Friday, October 23, 2015

Closing the Gap Between Organ Transplant Scarcity and the Countless Patients in Need

Penn State

Annually, 150,000 people around the world join the waiting list for an organ transplant but half of them die before they can get one.

Why are there Organ Shortages?

Only a very small number of people die in a way that allowed their organs to be suitable for transplantation. Such as in the hospital, in an intensive care unit, following a road accident or a stroke.

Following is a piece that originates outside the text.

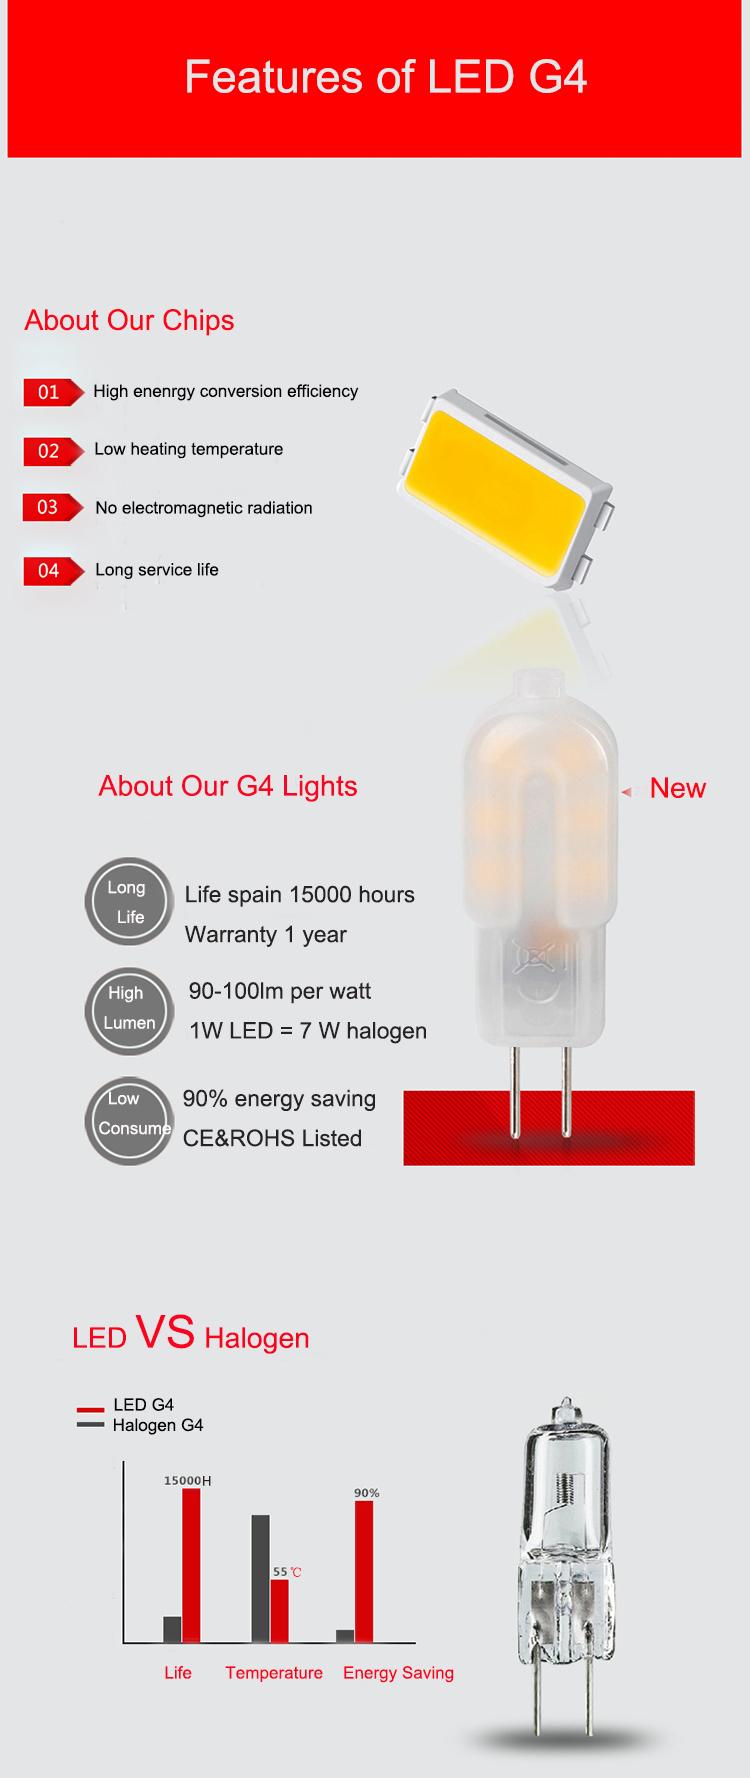 Alta Lumen 12V DC 120v 230v AC 1.5w 2W 2.5W 2835 di Plastica di Vetro LED g4 Sostituzione Della Lampadina 10w Alogena, LED-JC

Or some people haven’t made it clear that they want to become an organ donor when they die, and relatives may be too distraught to give the doctors permission.

Xenotransplantation

Xenotransplantation is the process of transplanting organs or tissues between members of different species.The transplant can be carried out between concordant species , which are closely related and have a lot of the same genes. Or it can be carried out between discordant species that aren’t closely related, therefore having few genes in common. Transplants carried out between discordant species result in more violently rejected transplanted organs. This is because all animals have ‘flags’ on their cells that tell what species they are.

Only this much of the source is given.